FIG. 2 shows the number of words contained in each concept, and in the process of experiments, the number of words contained in each concept influences the accuracy of ontology construction. The experimental result shows that if each concept contains less than 10 vocabulary quantities, the accuracy of ontology construction is seriously influenced. Conversely, if each concept contains a larger number of words, the accuracy of constructing the ontology is higher.

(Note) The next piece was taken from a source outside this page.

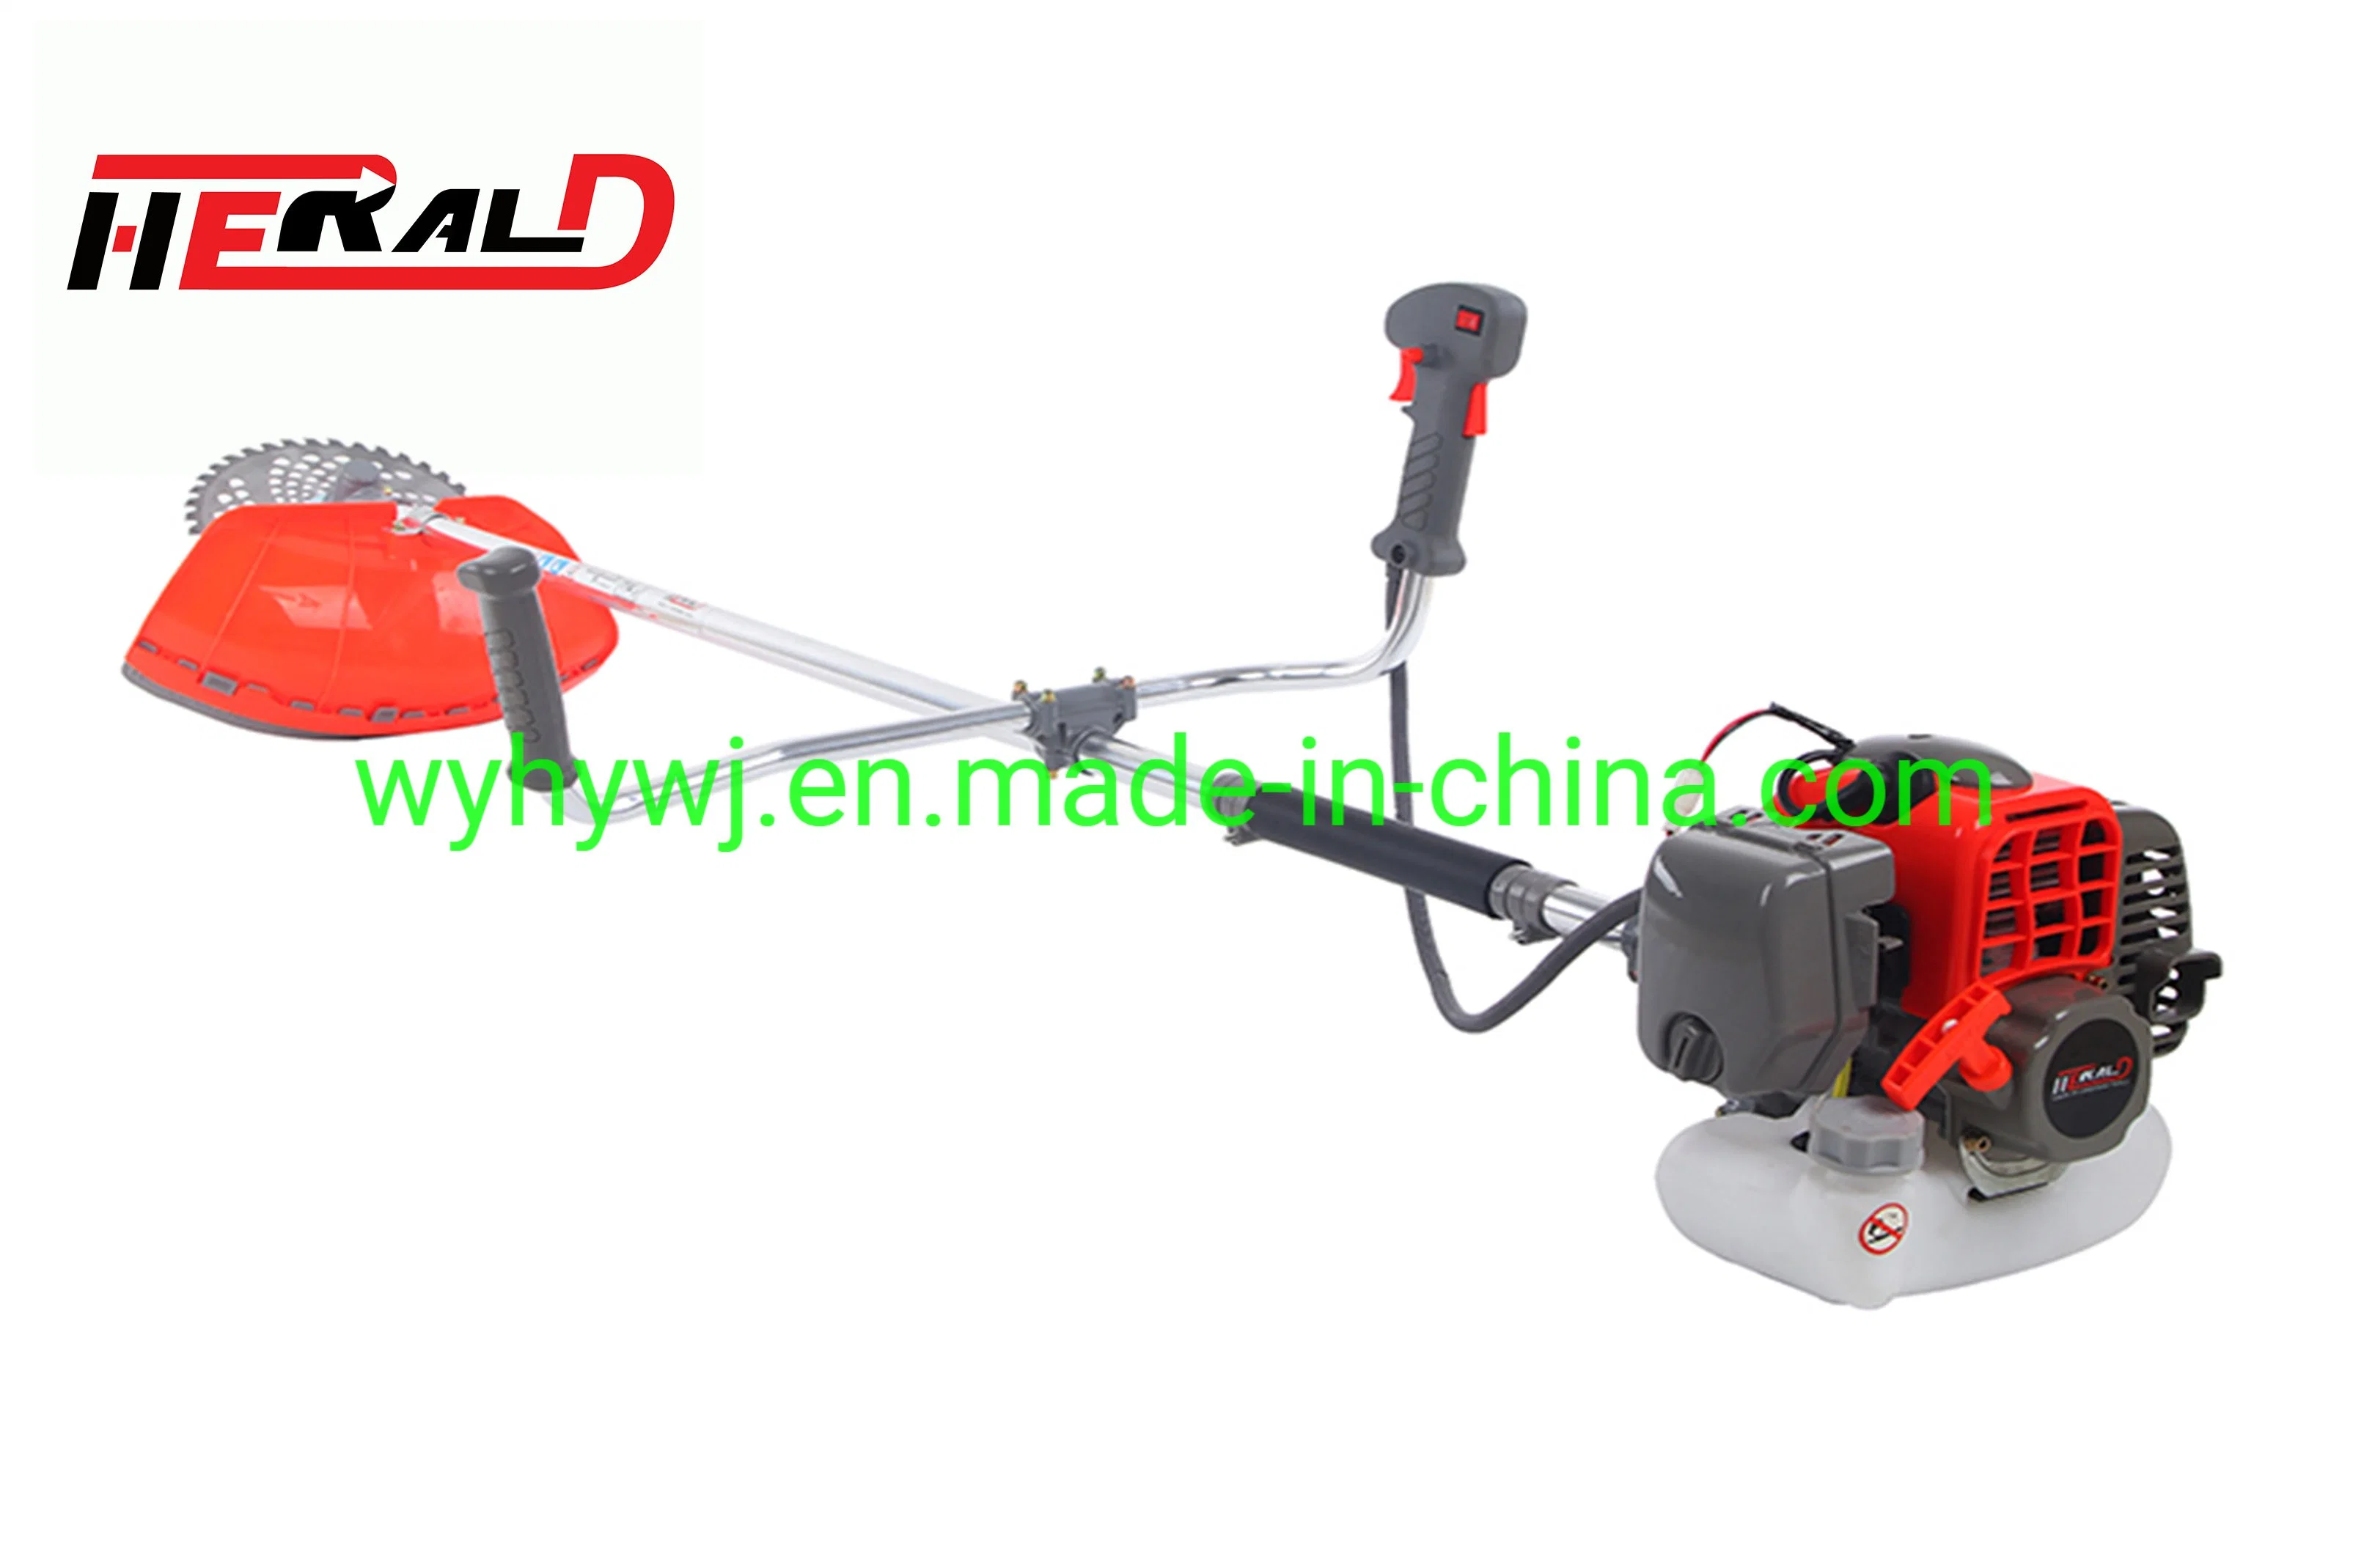 Popular Powerful Gasoline Trimmer Hy-415CT Garden Tool Petrol Brush Cutter with Alloy Blade

However, the more the concepts that are not included, the better, through experimental test analysis, the result that each concept includes 16 vocabularies is better, if the concepts include too many vocabularies, some low-frequency vocabularies appearing in the corpus can appear in the concepts, the abstract meaning of the concepts in the ontology construction is not large, and the actual quality of the ontology construction can be influenced.

In fig. 3, we show a detailed diagram of the accuracy of the algorithm execution, which shows how the algorithm execution is a change of F1 value when the download threshold value thct of CosTMI metric is 0.93, and in fig. 3, we can see that the F1 value is the highest when the number of body levels is 7.

Claims

1. A body construction method based on a Topic Model is characterized by comprising the following steps:

the method comprises the steps of firstly, extracting concepts from a given document corpus by using an LDA model, generating a concept set by using the extracted concepts, and then performing concept hierarchy subdivision to generate a hierarchy G of an ontology, wherein T is { T1, T2, … and tm } which is a concept set and is defined as an upper-layer concept set; t '{ T1', T2 ', …, tm' } is a set of sub-concepts, defined as a set of concepts at a lower level of the set of concepts at an upper level T; e is a set of edges, each eij epsilon E represents that the ith concept ti in the concept set T is connected with the jth concept tj 'in the sub-concept set T' by an edge, wherein the following rules are followed when the concept hierarchy subdivision is carried out to generate the hierarchy G constructed by the ontology:

rule 1: if ti ∈ T, tj ' ∈ T ', NT < NT ', the conclusion is: the concept level of the concept set T is higher than that of the concept set T, wherein NT and NT 'are the level levels of the concept set T and the concept set T', respectively;

rule 2: if ti e T, tj 'e T',

is an empty set;

wherein P (w, w ') ═ P (w) P (w' | w);

in the formula, P (w '| z ═ j) is a conditional probability of w' when the topic is j, and P (z ═ j | w) is a conditional probability of the topic j when the vocabulary is w.